▶ _DATA SECTION_:
•••
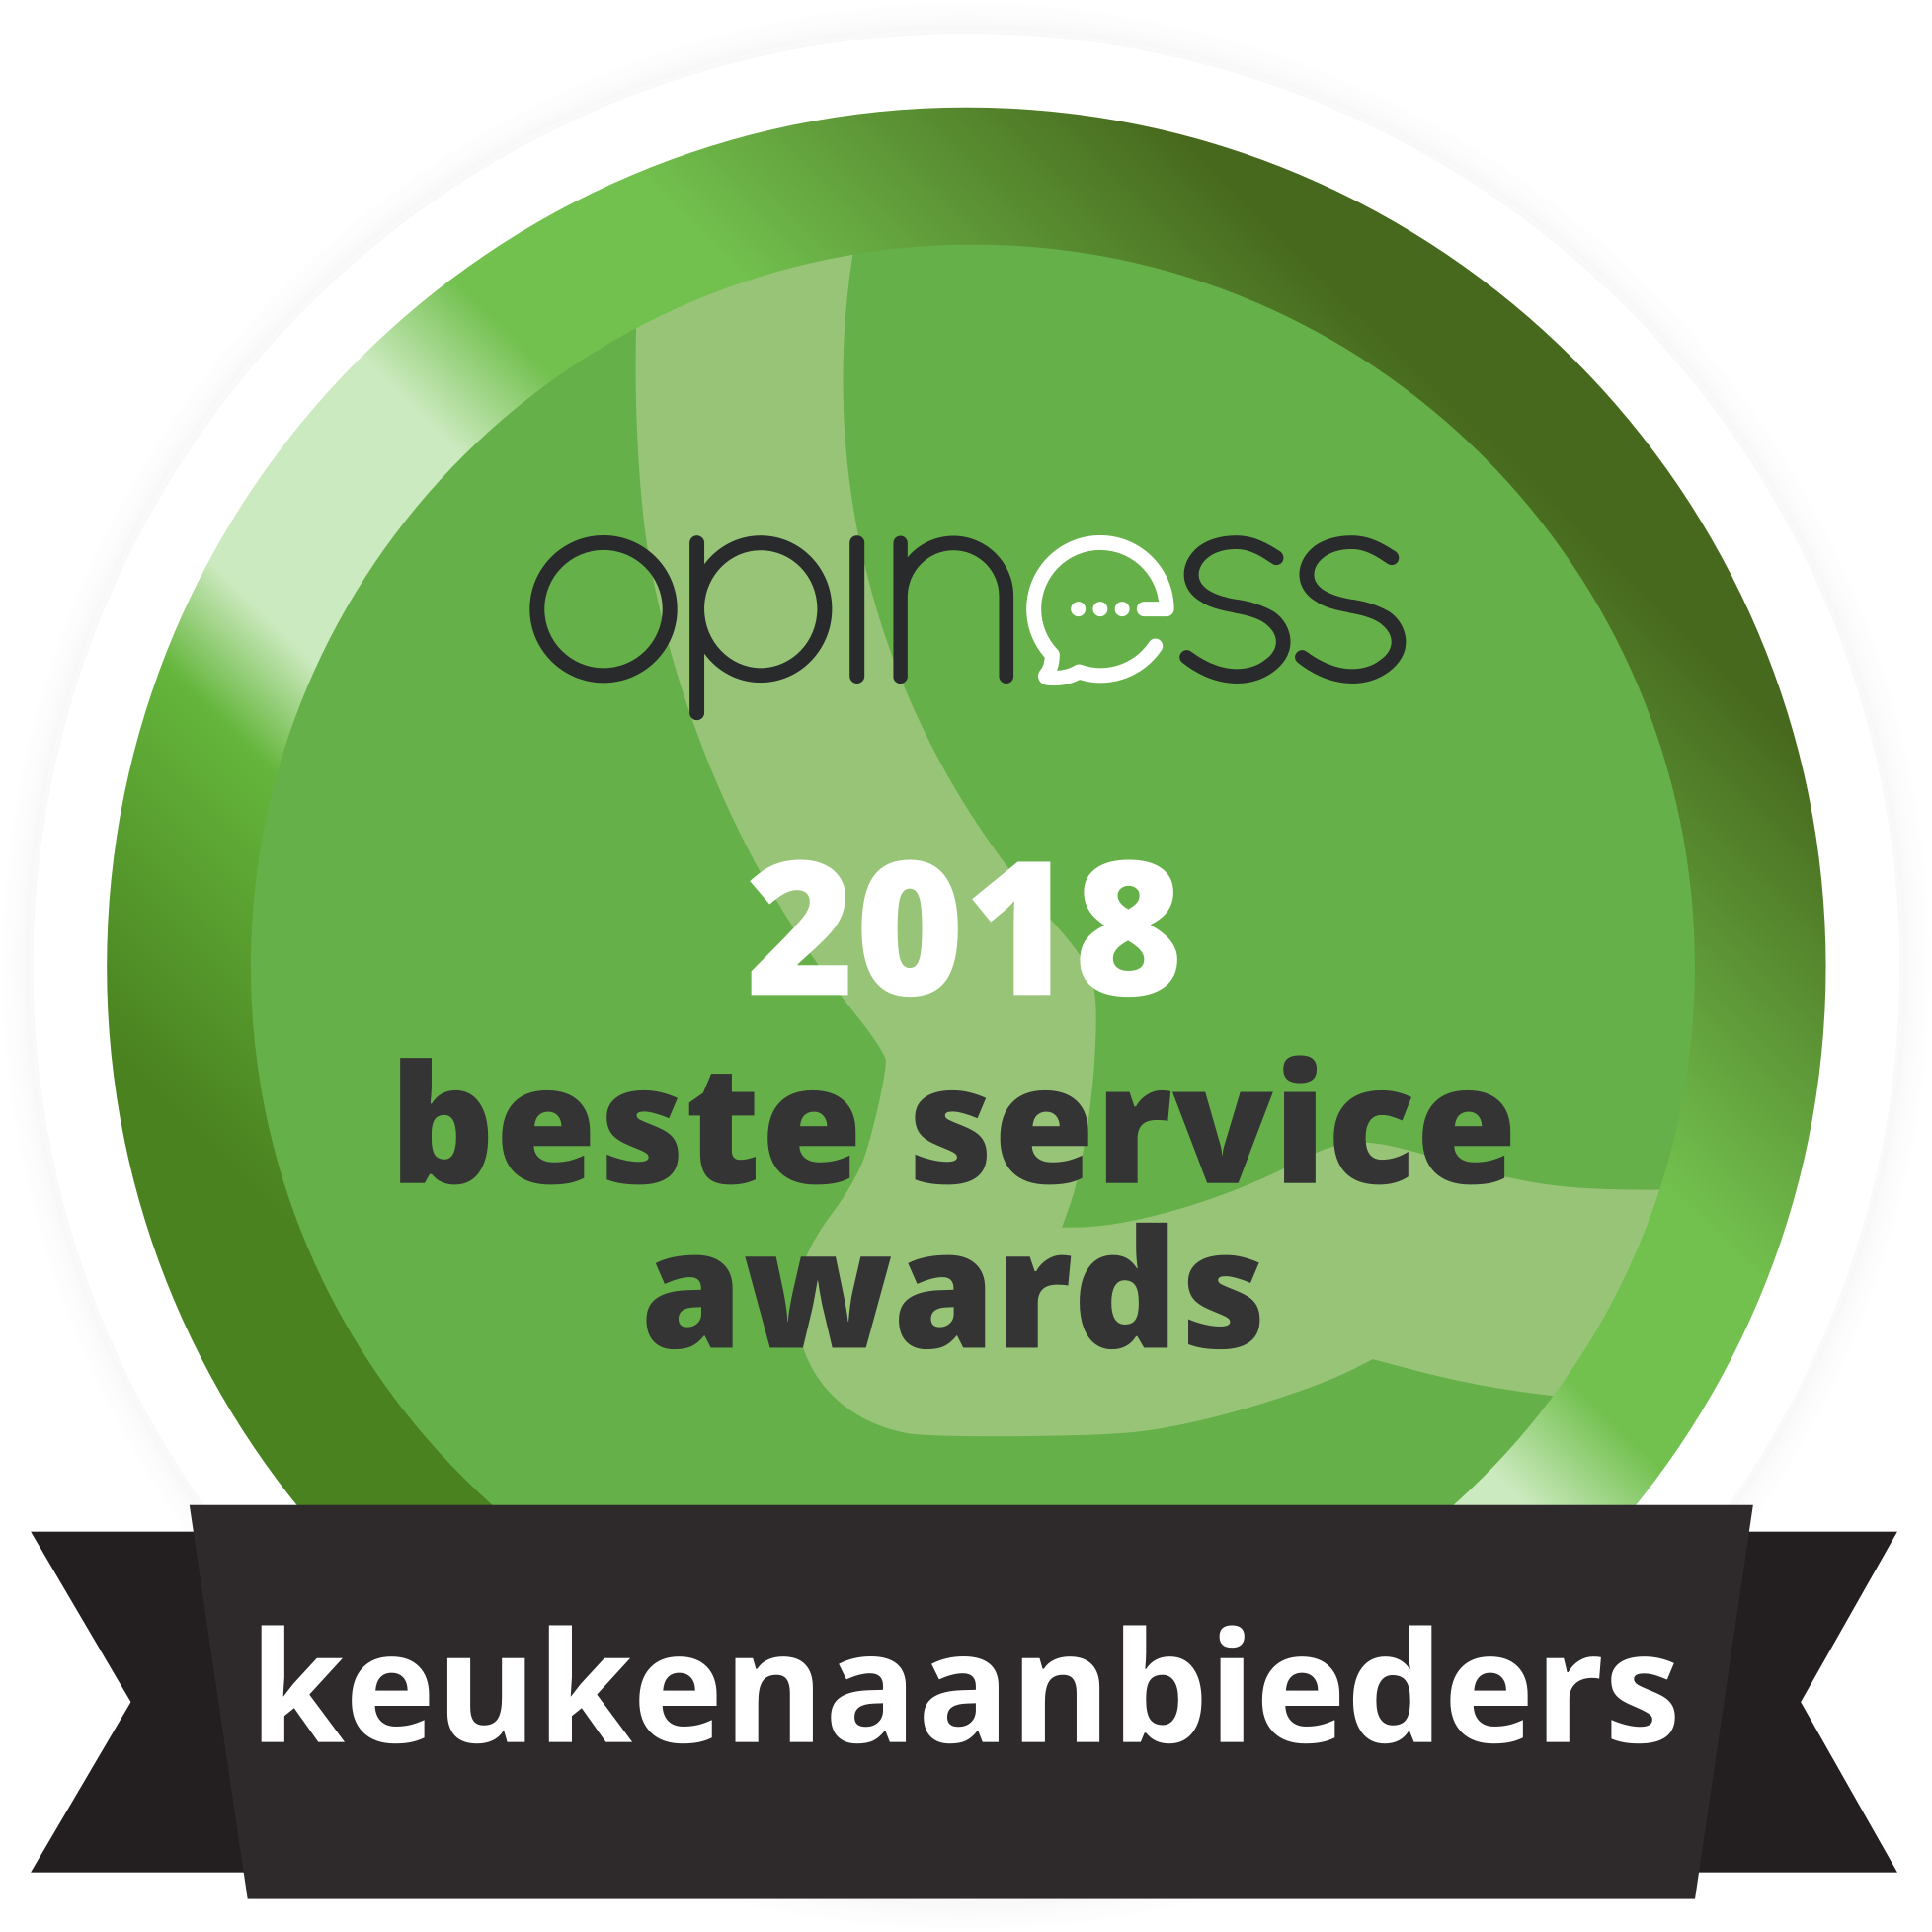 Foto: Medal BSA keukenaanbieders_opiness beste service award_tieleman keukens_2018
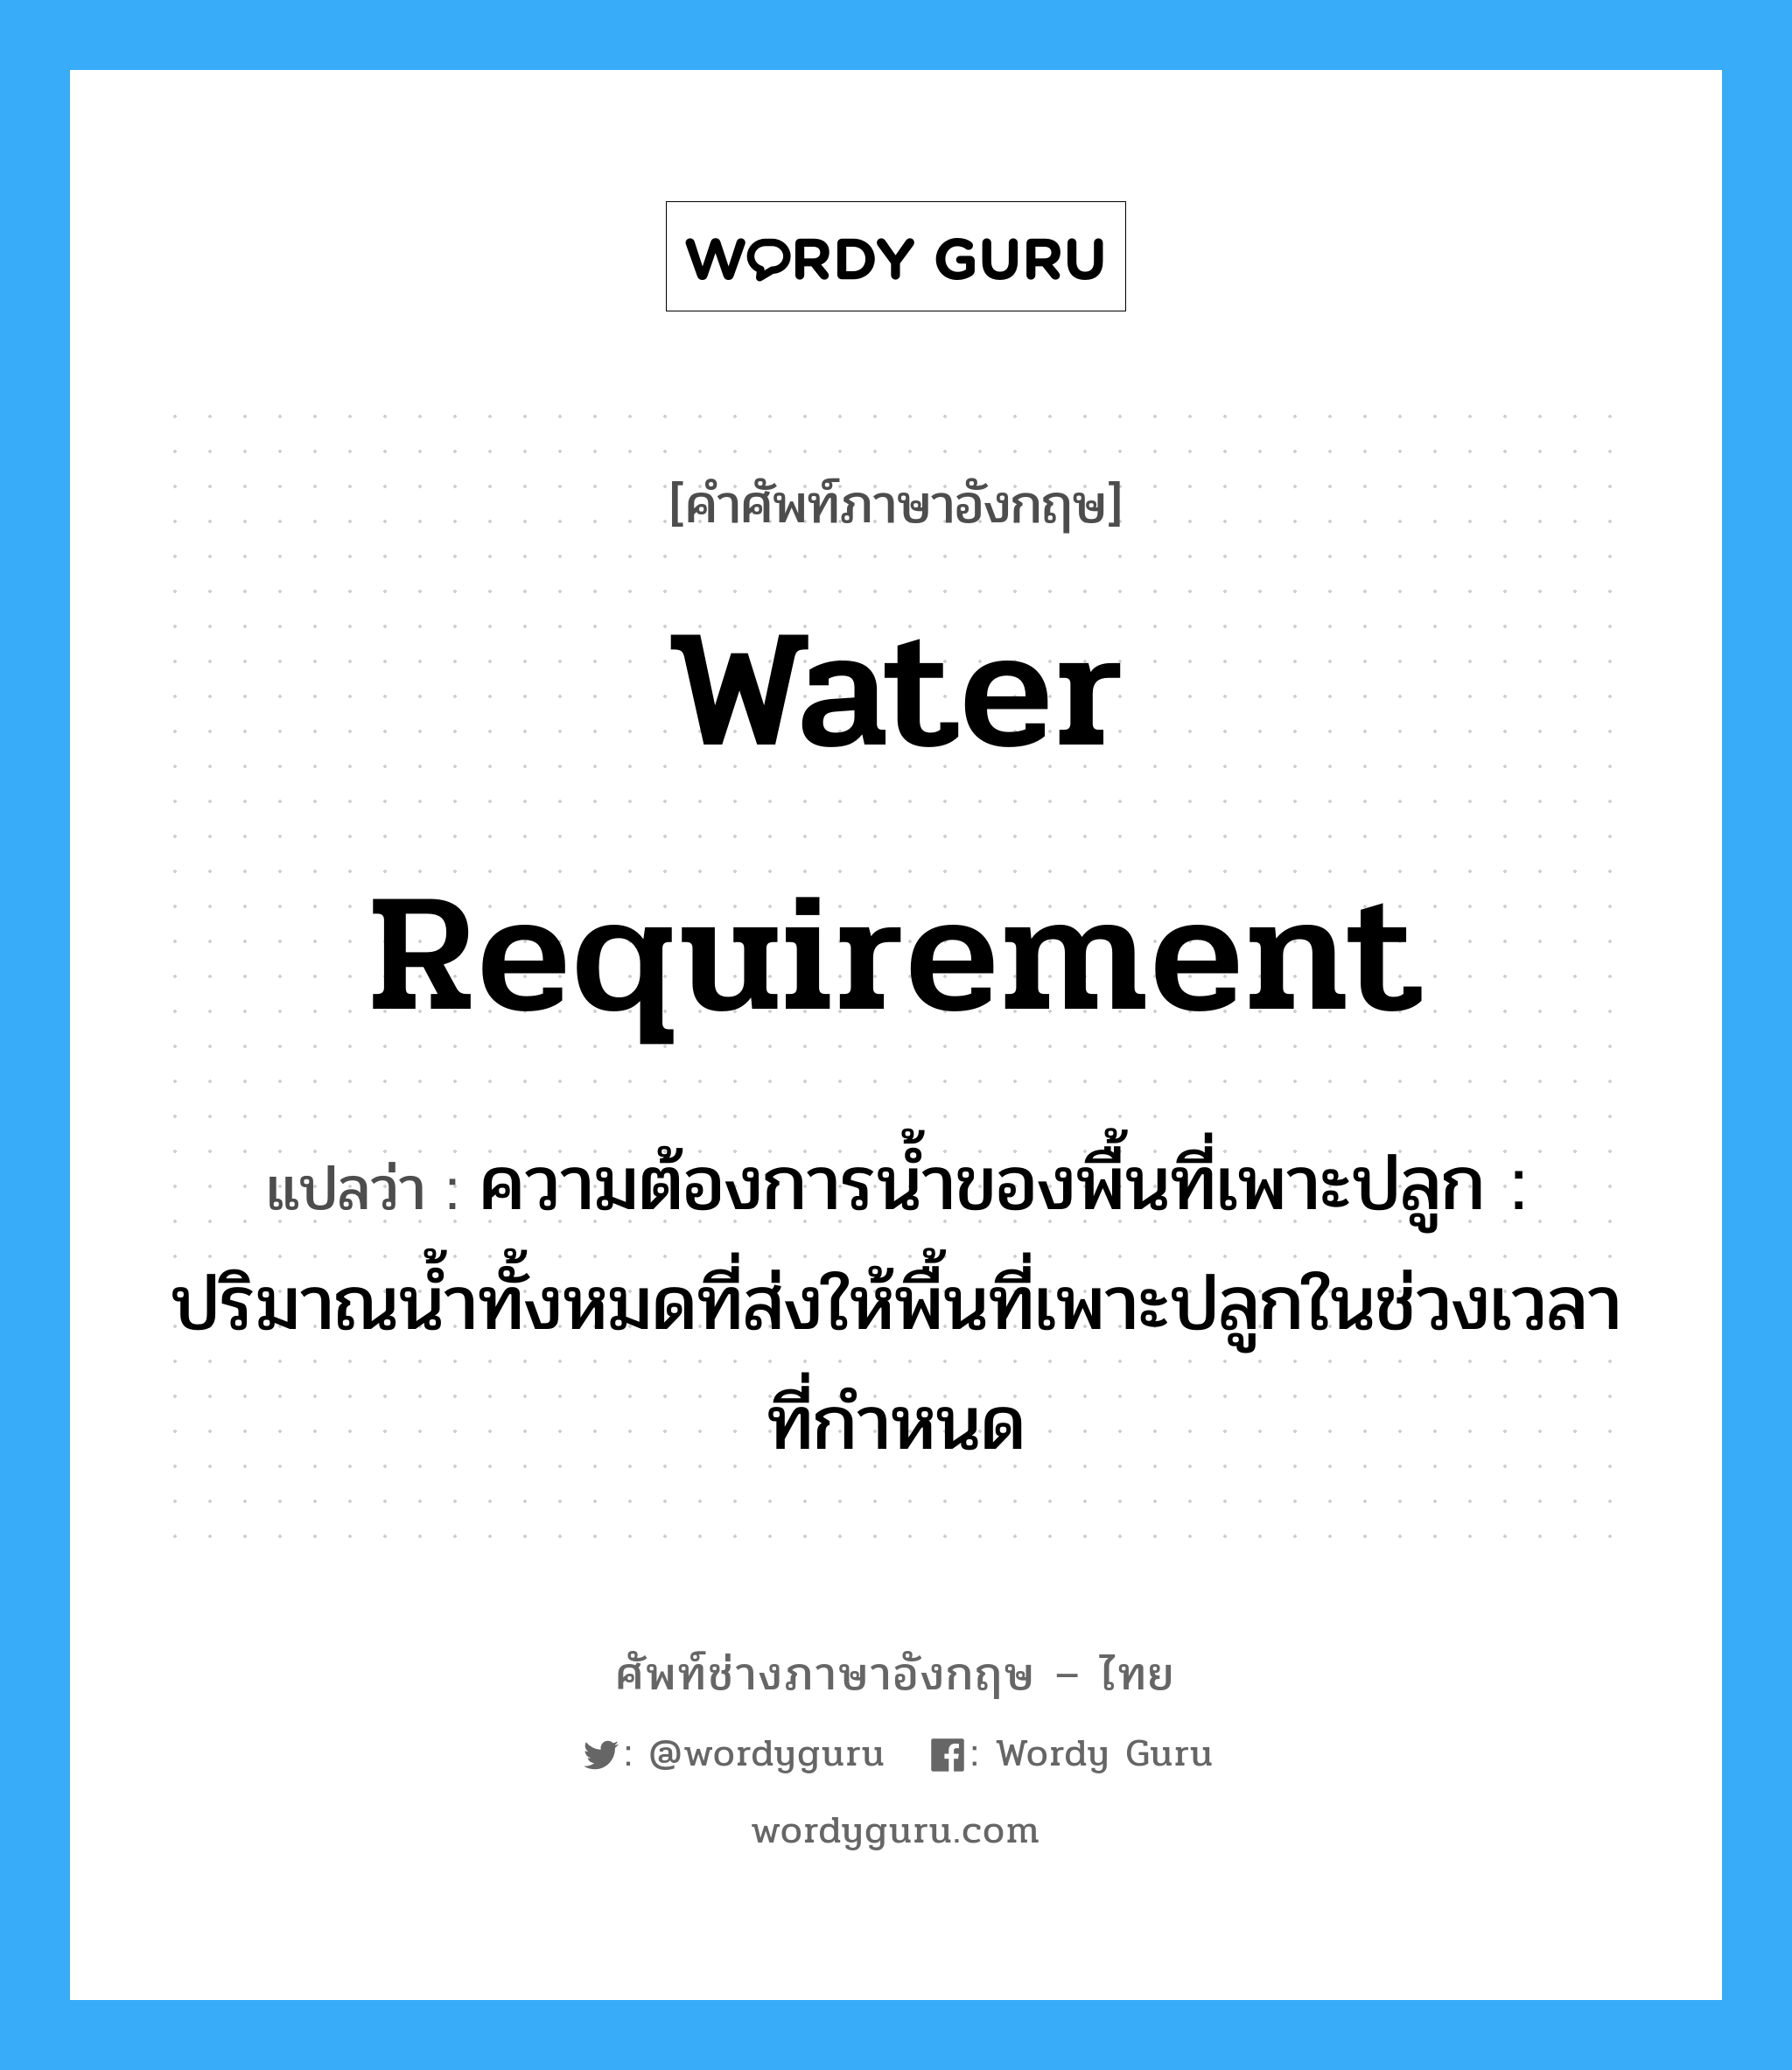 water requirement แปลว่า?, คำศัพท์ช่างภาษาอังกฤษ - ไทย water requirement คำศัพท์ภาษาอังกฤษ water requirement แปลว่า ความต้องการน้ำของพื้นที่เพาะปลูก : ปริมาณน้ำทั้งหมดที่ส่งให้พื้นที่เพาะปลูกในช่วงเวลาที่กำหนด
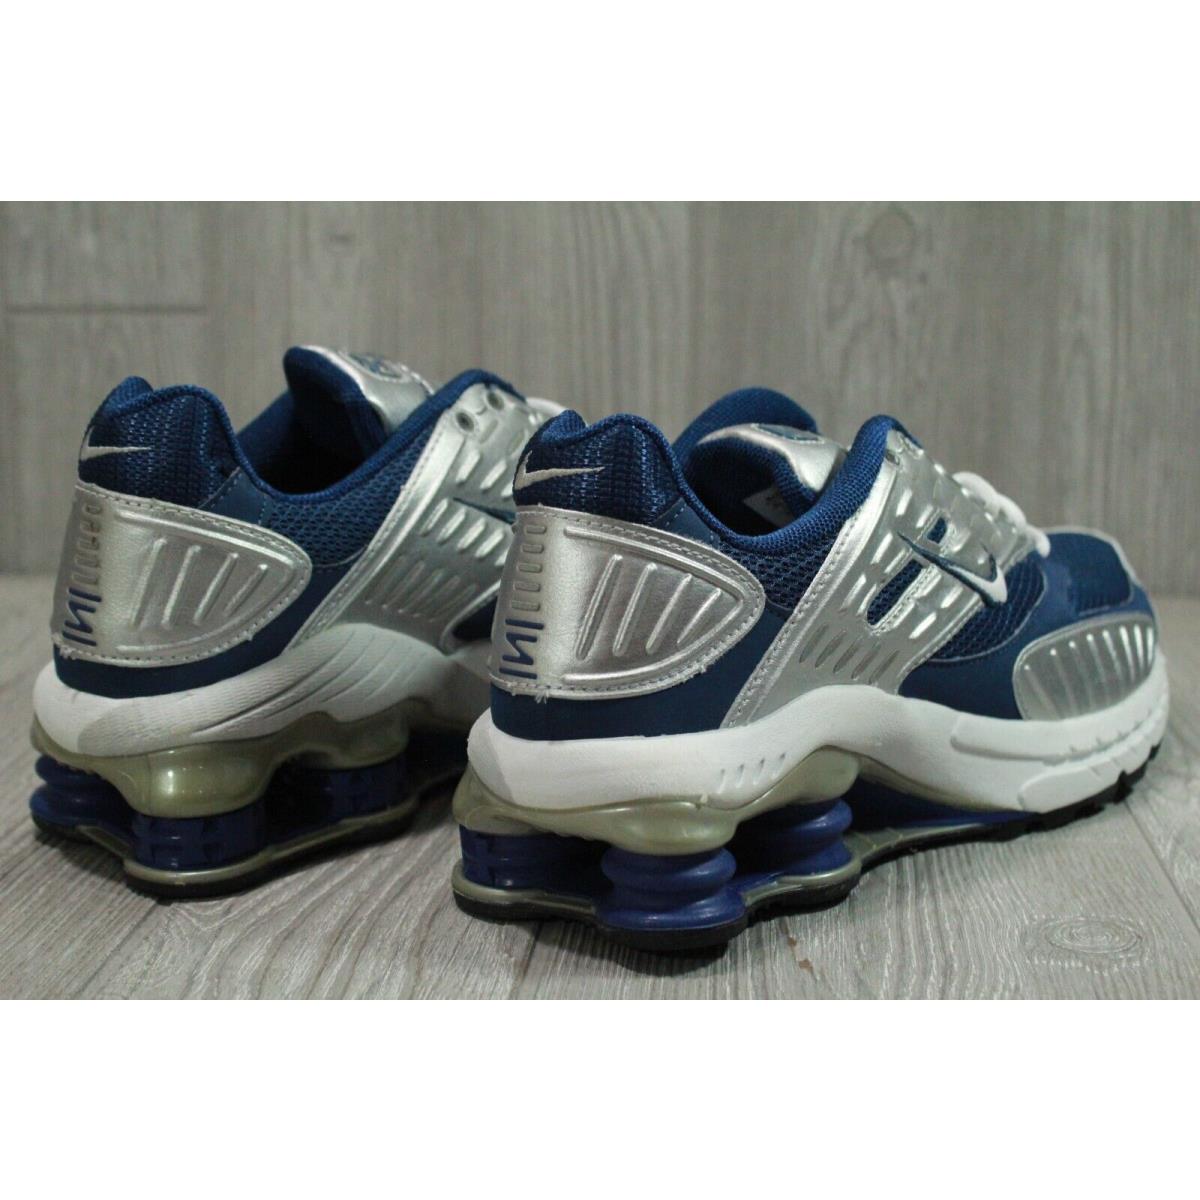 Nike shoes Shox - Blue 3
•••
The entire listing above, word for word and without pictures, is what should be output.

▶ _EXERCISE OUTPUT_:
 Foto: Medal BSA keukenaanbieders_opiness beste service award_tieleman keukens_2018
 water requirement แปลว่า?, คำศัพท์ช่างภาษาอังกฤษ - ไทย water requirement คำศัพท์ภาษาอังกฤษ water requirement แปลว่า ความต้องการน้ำของพื้นที่เพาะปลูก : ปริมาณน้ำทั้งหมดที่ส่งให้พื้นที่เพาะปลูกในช่วงเวลาที่กำหนด
 Nike shoes Shox - Blue 3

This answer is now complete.